Both methods produce the same result. We'll primarily use Method 1 for clarity.

In [None]:
# Create a simple Sequential model
simple_model = Sequential([
    Input(shape=(10,)),  # Input layer: 10 features
    Dense(8, activation='relu'),  # Hidden layer: 8 neurons, ReLU activation
    Dense(1, activation='sigmoid')  # Output layer: 1 neuron, Sigmoid for binary classification
])

# View model summary
print("Simple Neural Network Model:")
simple_model.summary()

**Understanding the Summary:**

- **Layer**: Name and type of each layer
- **Output Shape**: Shape of the output from each layer (None = batch size, determined at runtime)
- **Param #**: Number of trainable parameters (weights + biases)

For a Dense layer: `params = (input_size * output_size) + output_size`
- Example: 10 inputs -> 8 neurons = (10 * 8) + 8 = 88 parameters

### 3.2 Adding Layers

Keras provides many layer types.
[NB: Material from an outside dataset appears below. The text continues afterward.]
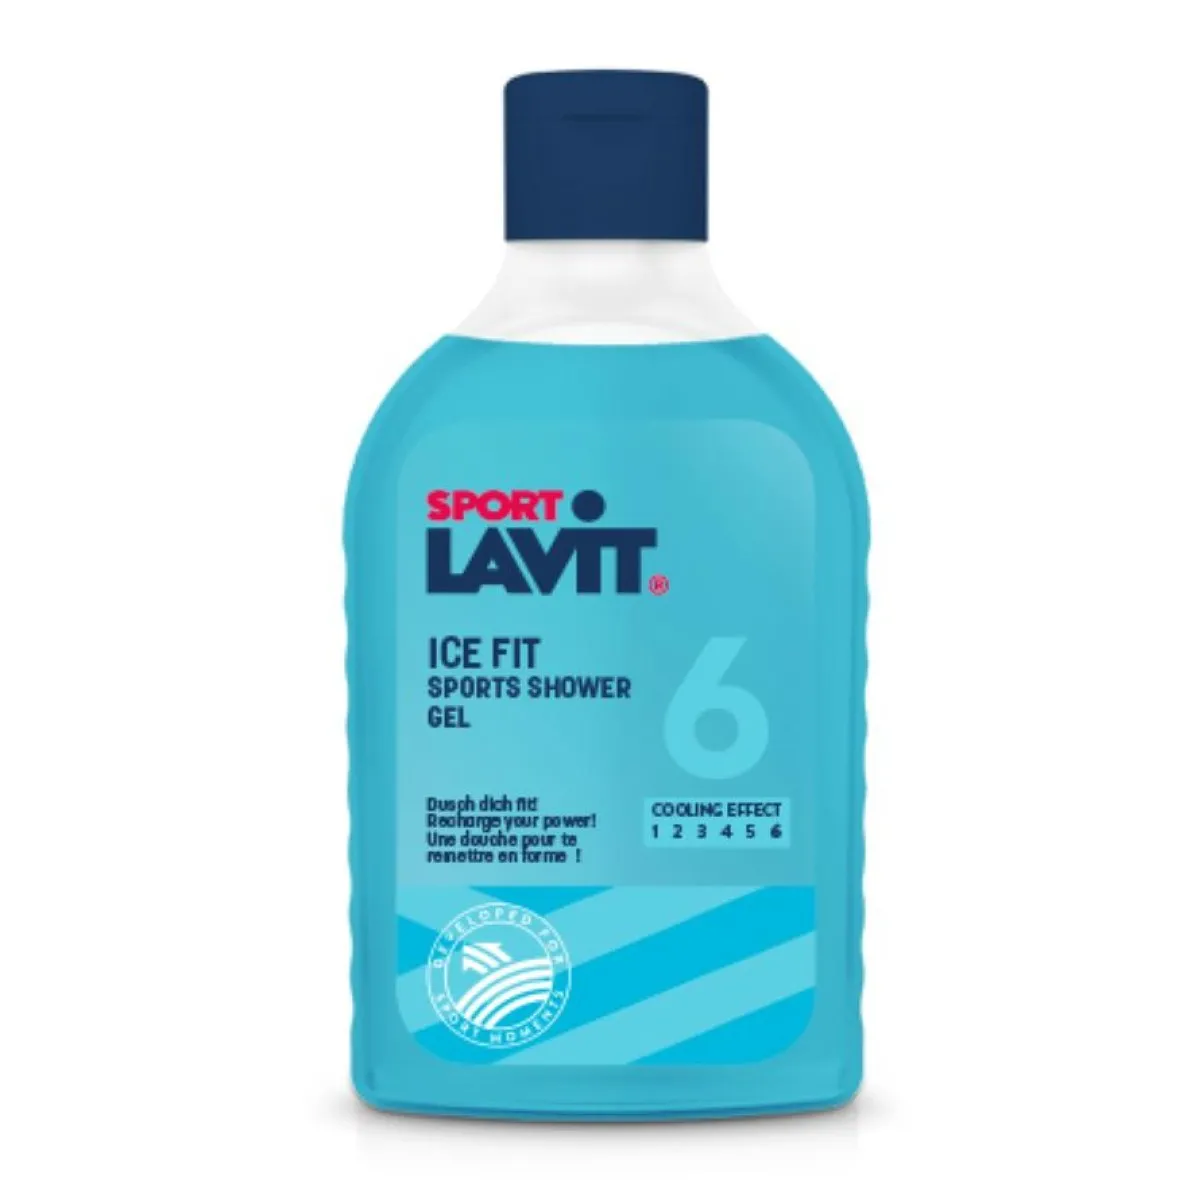 Gel de ducha Lavit Sport Shower Fit

For tabular data, the most important is the **Dense** layer.

Common layer types in Keras:

| Layer | Use Case | Description |
|:------|:---------|:------------|
| `Dense` | All neural networks | Fully connected layer |
| `Dropout` | Regularization | Randomly drops neurons during training |
| `BatchNormalization` | Training stability | Normalizes layer inputs |
| `Conv2D` | Image data | Convolutional layer |
| `LSTM` | Sequential data | Long Short-Term Memory |

For our student departure prediction, we'll use `Dense` and `Dropout` layers.

## 4. Understanding Dense Layers

### 4.1 Dense Layer Parameters

The `Dense` layer is the workhorse of neural networks for tabular data.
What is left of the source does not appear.